**WHAT YOU WILL DO**
An exact reproduction of all the data is needed, with no images in it.

**PROVIDED DATA**
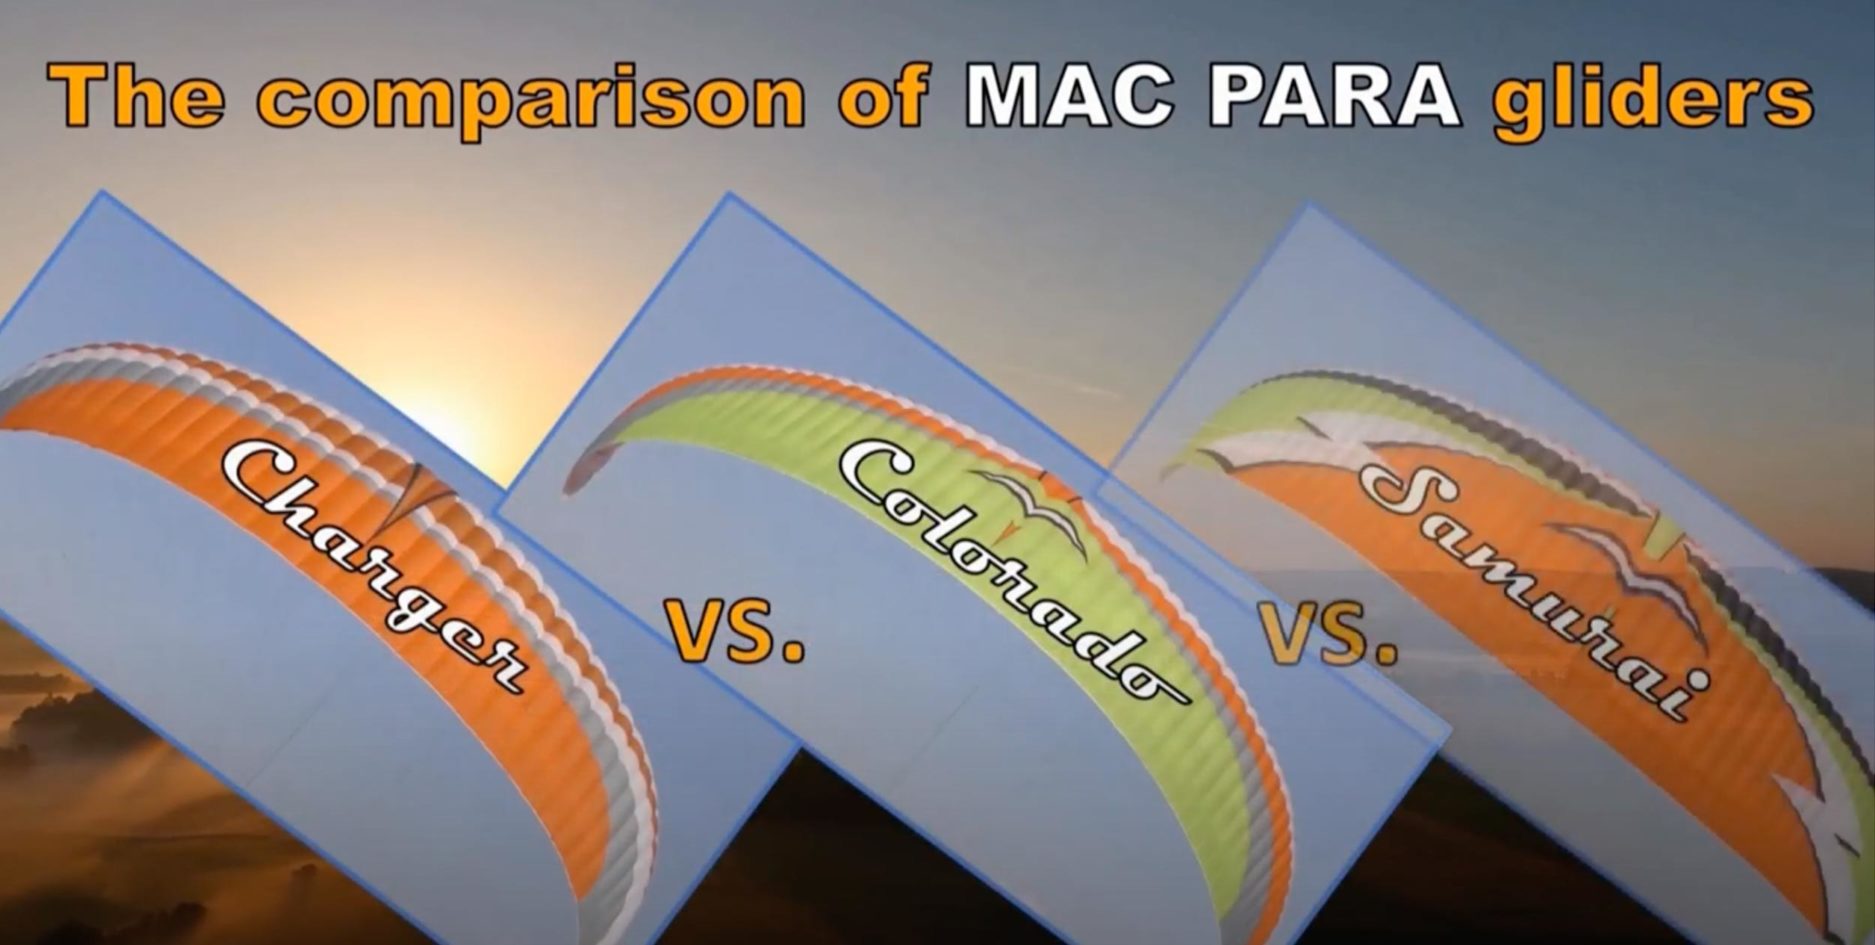 Mac Para PPG wings comparison video
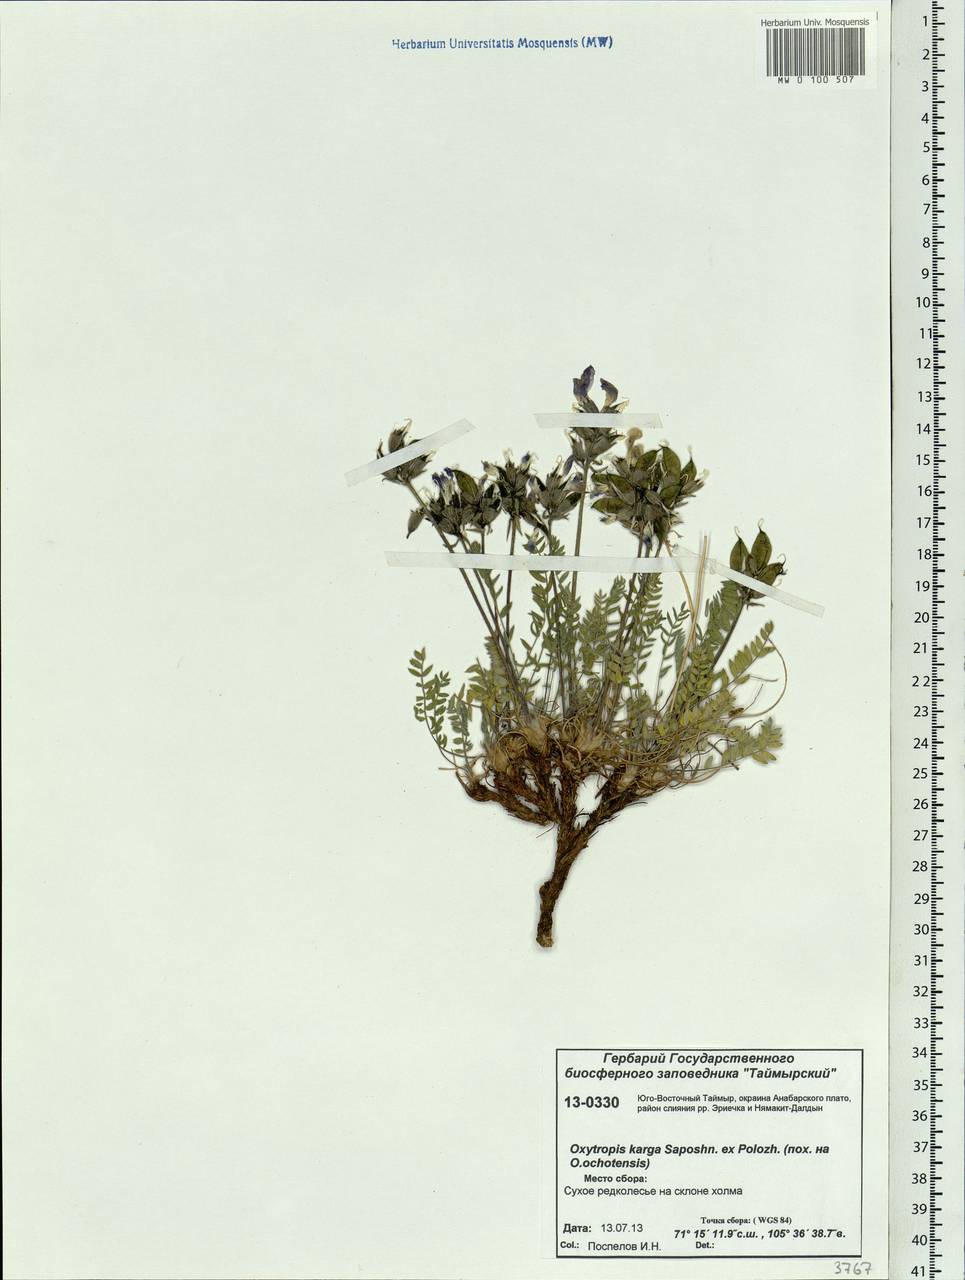 Oxytropis arctica subsp. taimyrensis Jurtzev, Siberia, Central Siberia (S3) (Russia)
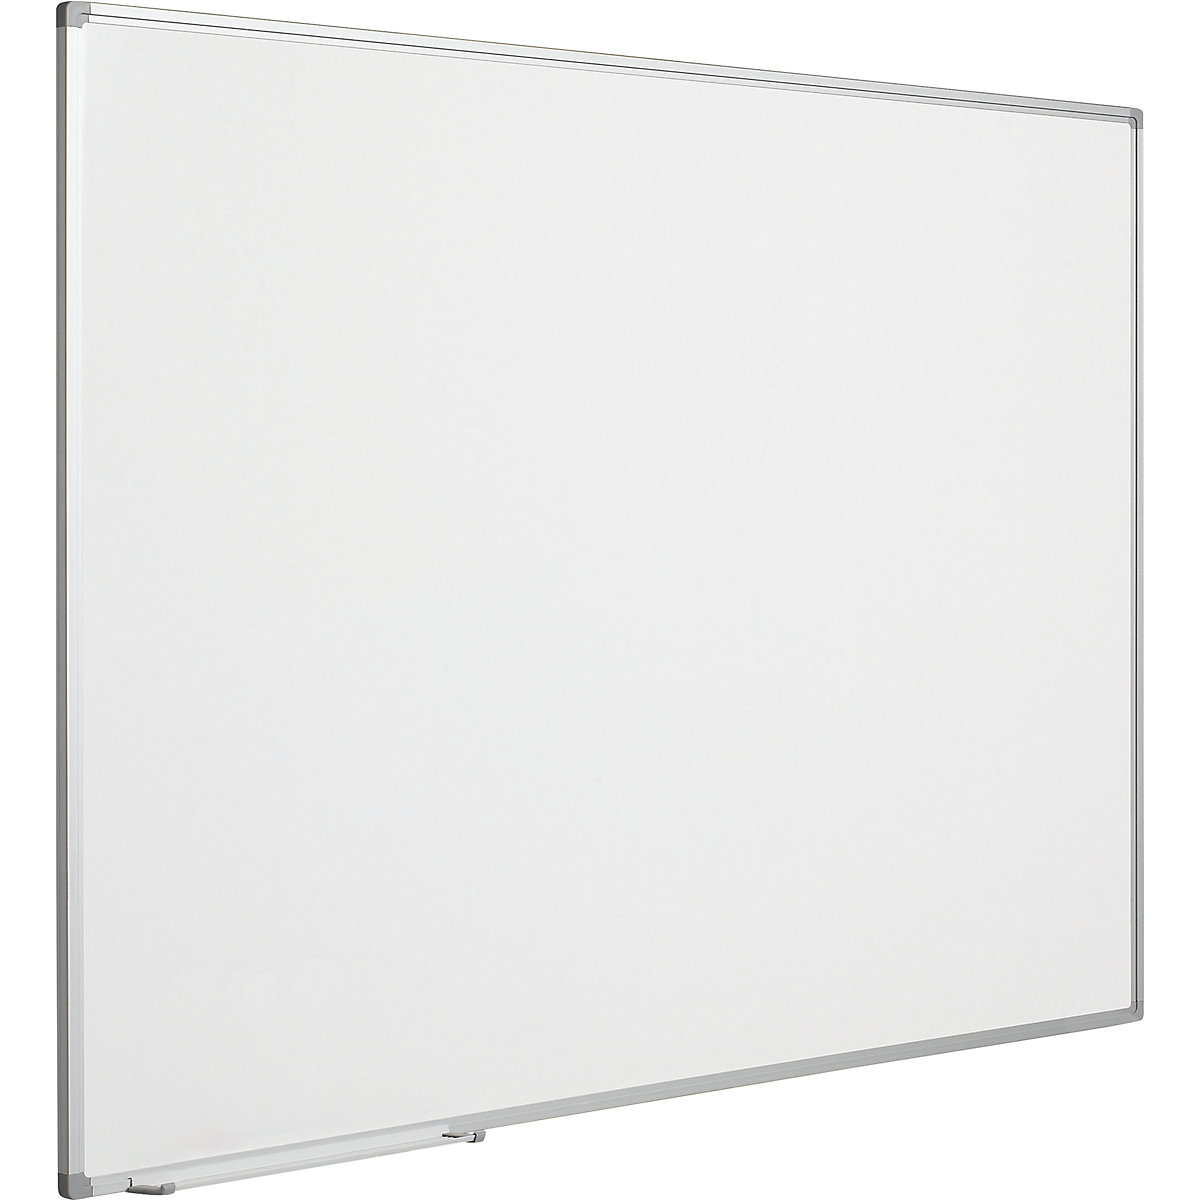 Economy whiteboard – eurokraft pro, sheet steel, painted, WxH 2400 x 1200 mm-1

**SOLUTION TO THIS TASK**
 Mac Para PPG wings comparison video
 Oxytropis arctica subsp. taimyrensis Jurtzev, Siberia, Central Siberia (S3) (Russia)
 Economy whiteboard – eurokraft pro, sheet steel, painted, WxH 2400 x 1200 mm-1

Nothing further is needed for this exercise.